So I mentioned that before Fire Emblem Warriors, Musou characters tended to be homogeneous in capability and differentiated mainly by various trade-offs. One interesting trade-off is demonstrated by what I like to call the Shazam character - one who is normally weak, but has a transformation that makes them very powerful.

Musou games commonly have three levels of attacks. First are the combos triggered by hitting the weak and strong attack buttons in various patterns. Next are the special attacks - you gradually earn charges for these as you deal and receive damage but can only store a few. They vary between characters but are usually short-range high-damage area attacks. Finally, there’s Rage mode (that’s its name in mainline Dynasty Warriors; it gets called other things in other games). A meter fills as you perform critical hits or successful combos or similar, and when it’s full you can enter Rage, which causes the meter to drain but makes you significantly more powerful until it runs out (and it’s usually capped off with a special attack). So, you might use normal combos on fodder enemies, special attacks on officers, and Rage mode on heroes.

Young Link in Hyrule Warriors and Tiki in Fire Emblem Warriors have comparatively weak combos, but have especially powerful Rage modes - Young Link puts on the Fierce Deity Mask and Tiki transforms into a dragon. So the primary way to maximize these characters' effectiveness is to spend as much time in Rage mode as possible - and to help with that, these characters (and only these characters, I believe) have the ability to spend special attack charges to refill the Rage meter.

They’re still fairly awkward to use in the early-to-mid-game, but if you invest in them and get the right upgrades and weapon skills, by the late game they can basically spend entire missions in Rage mode, making them extremely powerful.

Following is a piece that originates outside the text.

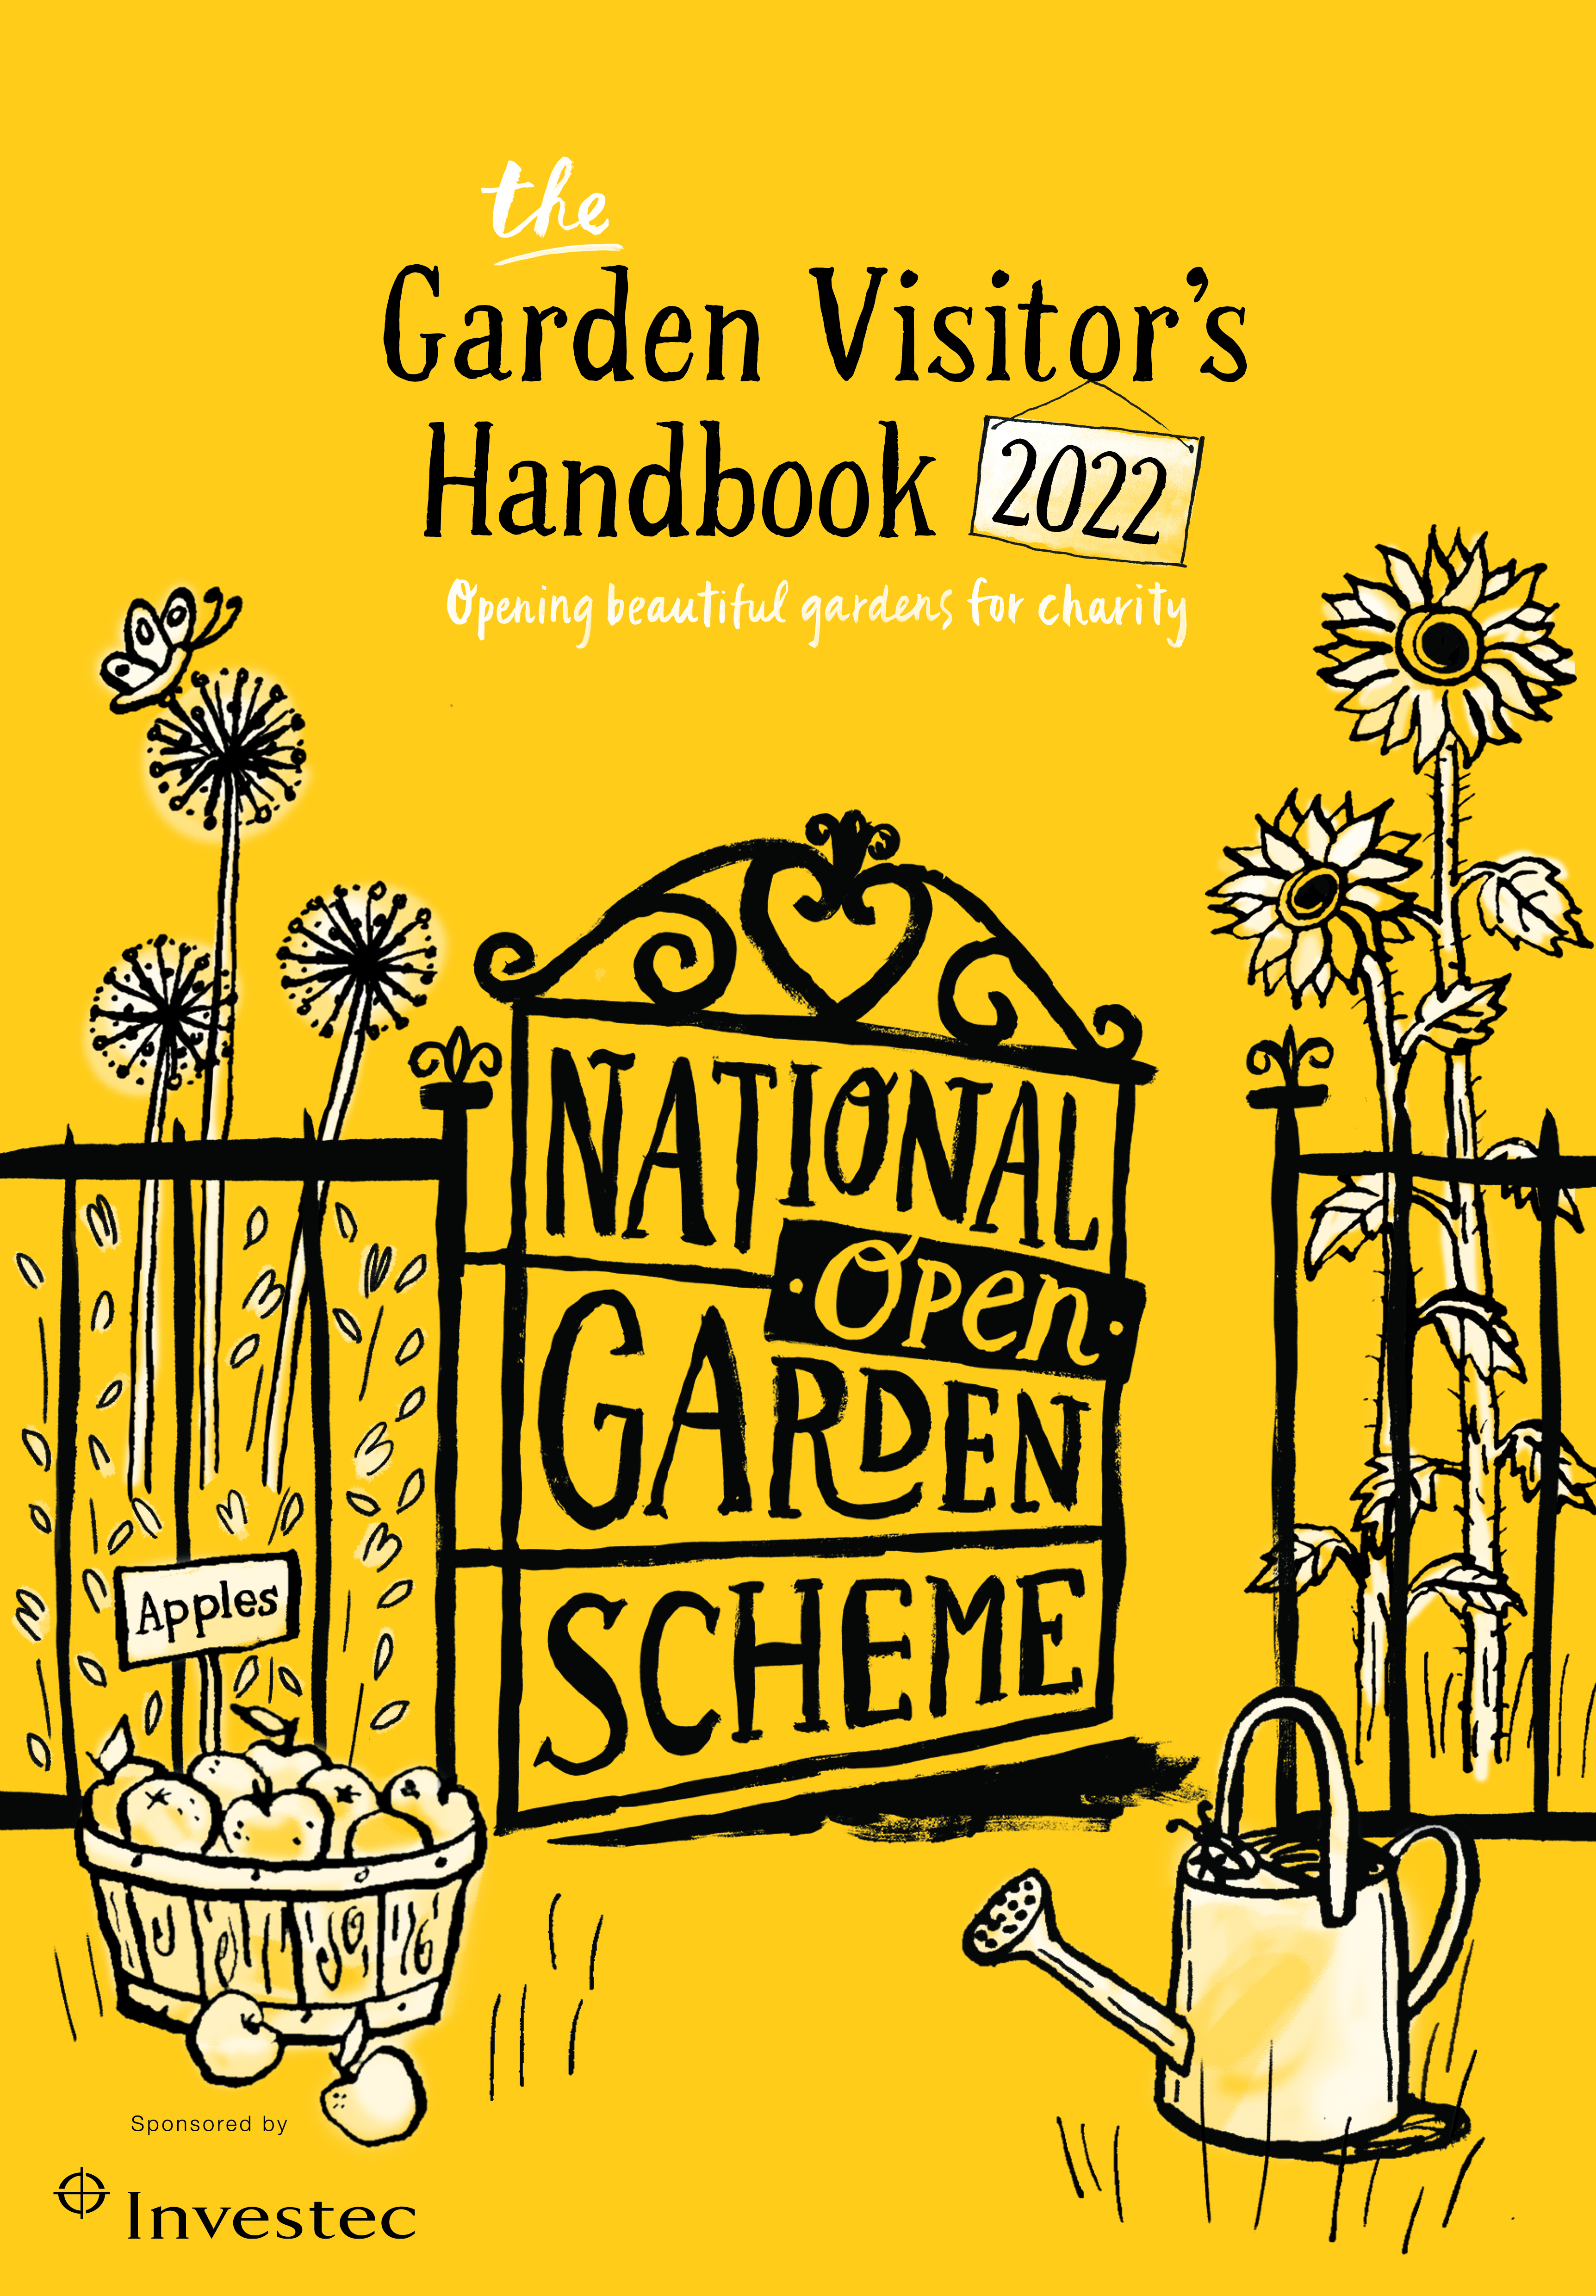 The front cover of the The National Garden Scheme's handbook. The book is yellow with an illustration of a gate opening on it.
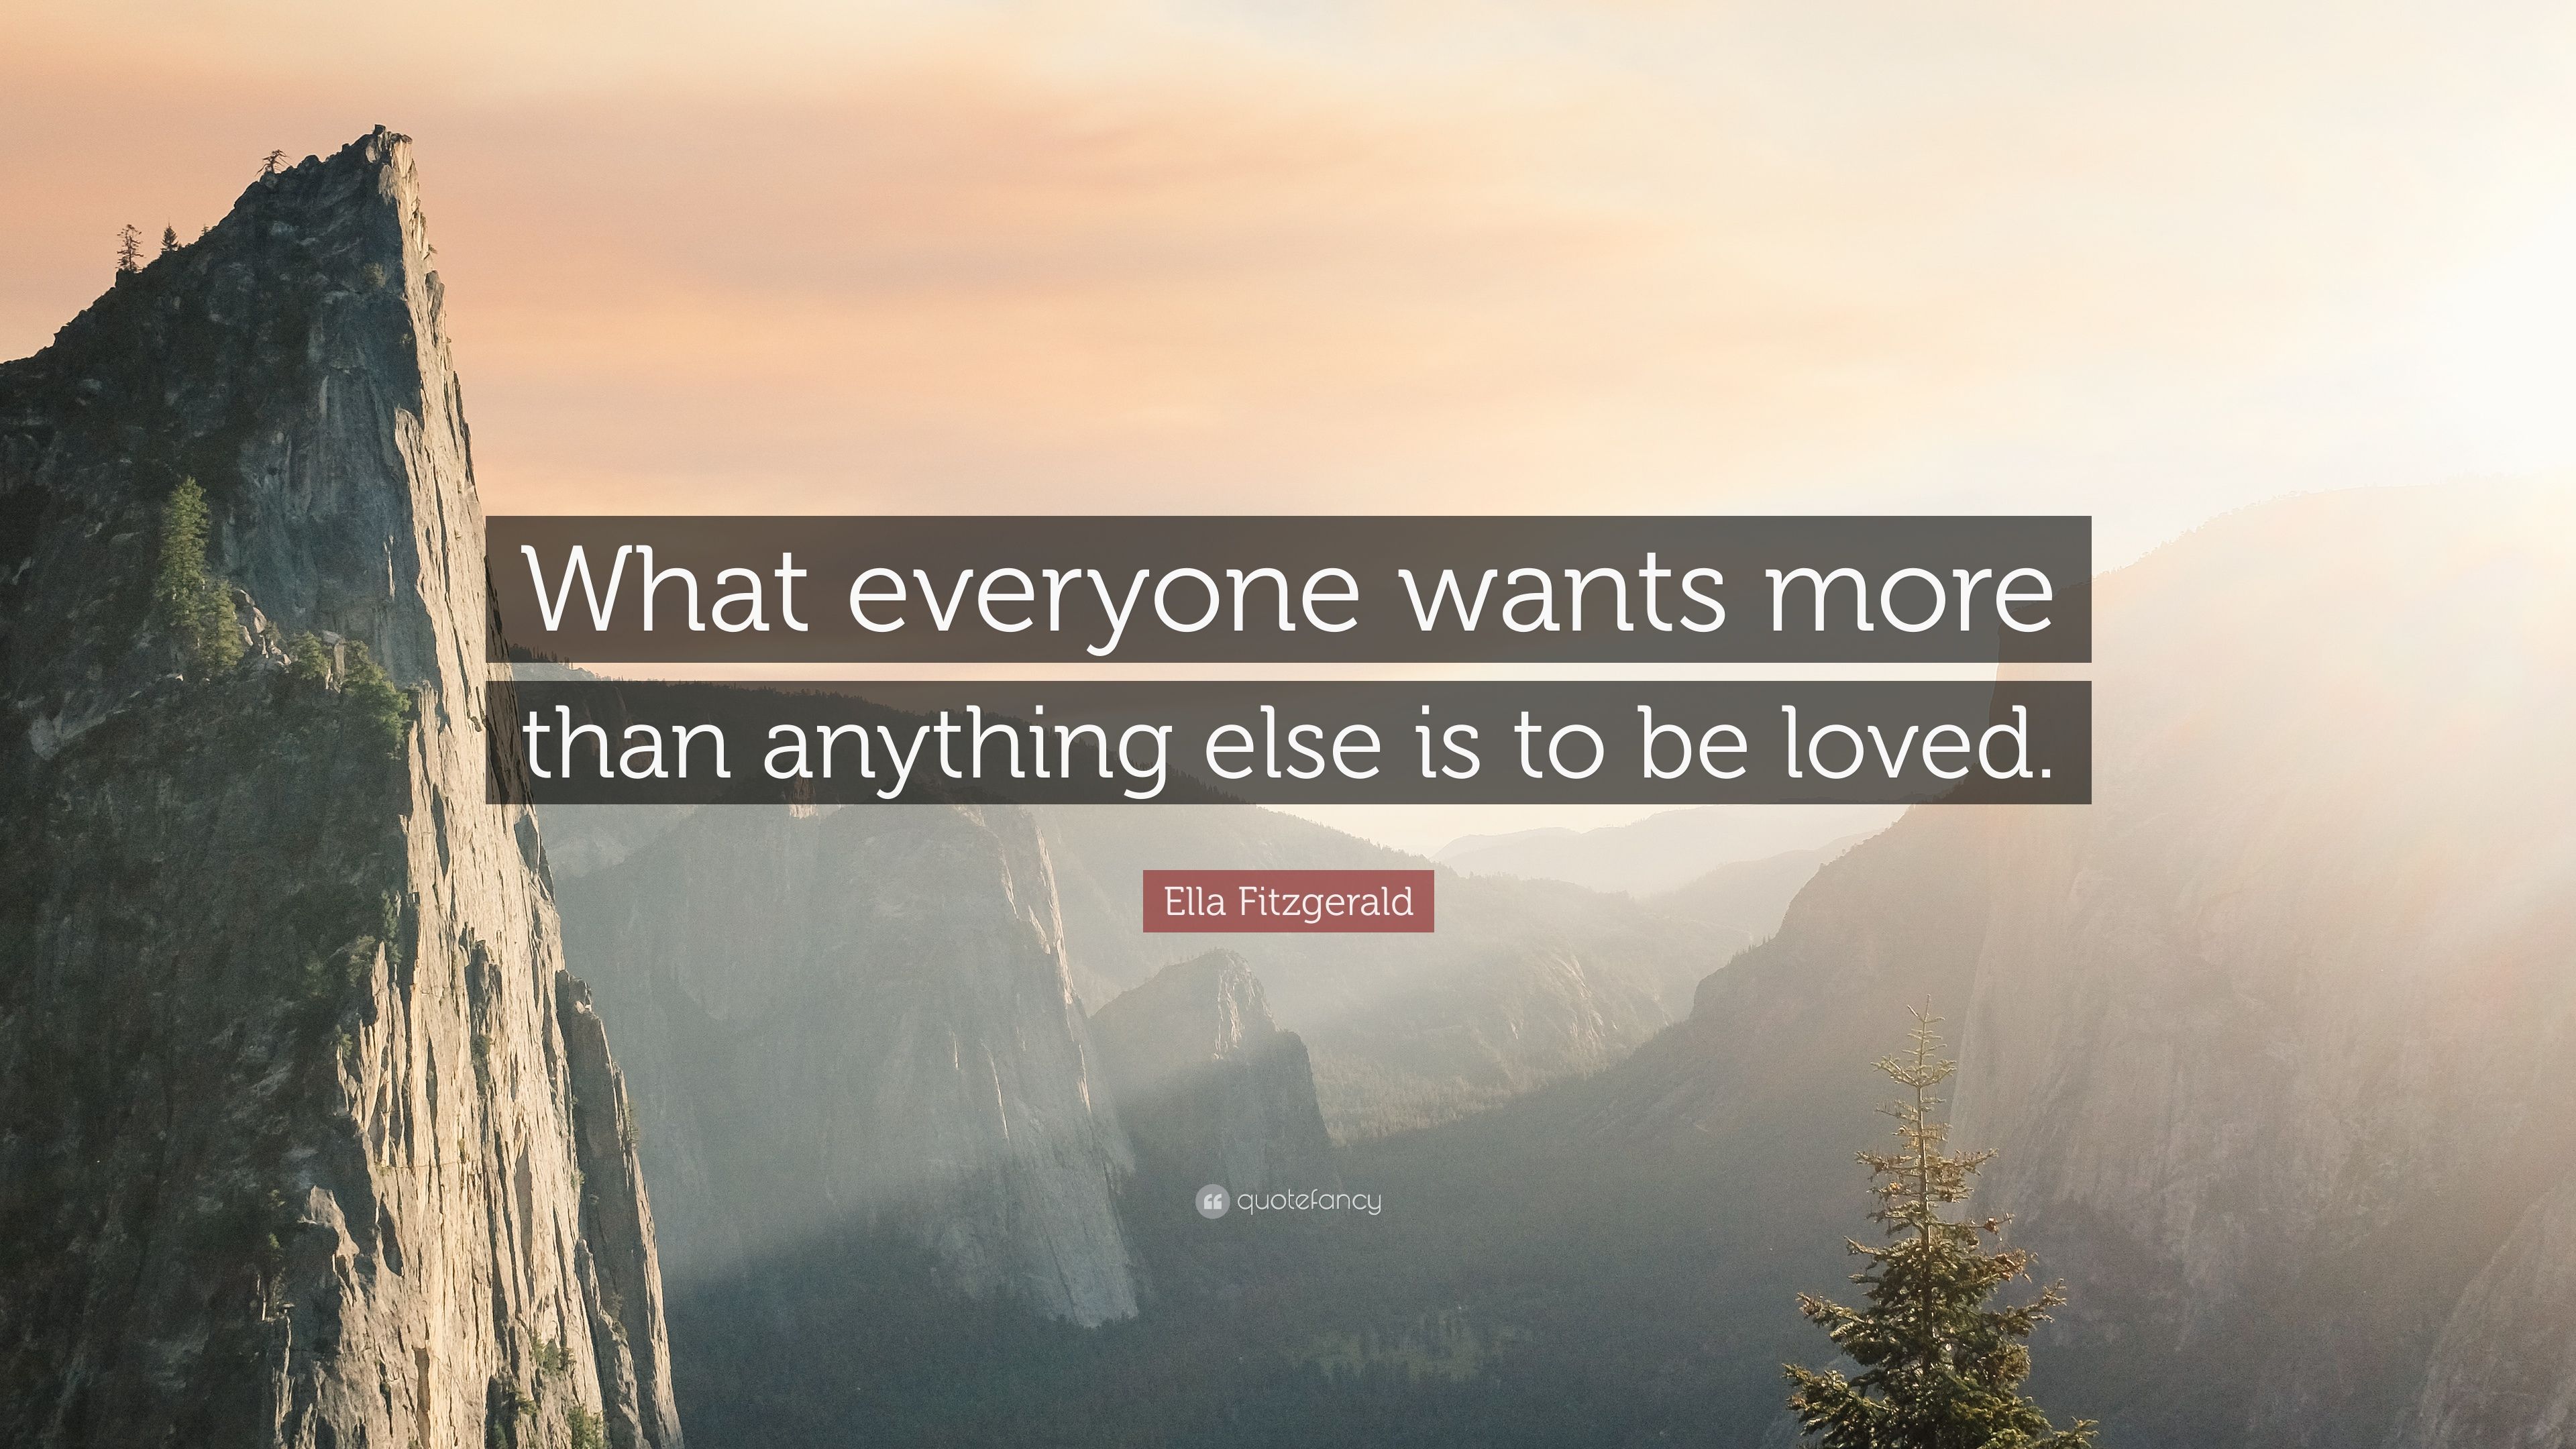 Ella Fitzgerald Quote: “What everyone wants more than anything else is to be loved.” (7 wallpaper)

This is hardly the first game to make characters with this sort of dynamic, but it occurred to me that this is very much the sort of thing you can only do in non-competitive games. If these games had versus modes, you’d basically have to ban Young Link and Tiki or they would dominate high-level play. But in single-player or even cooperative games, it’s actually okay to have this kind of imbalance. It creates interesting experiences, giving players a chance to invest in characters that then “break” the game - which in that context can be satisfying and fun.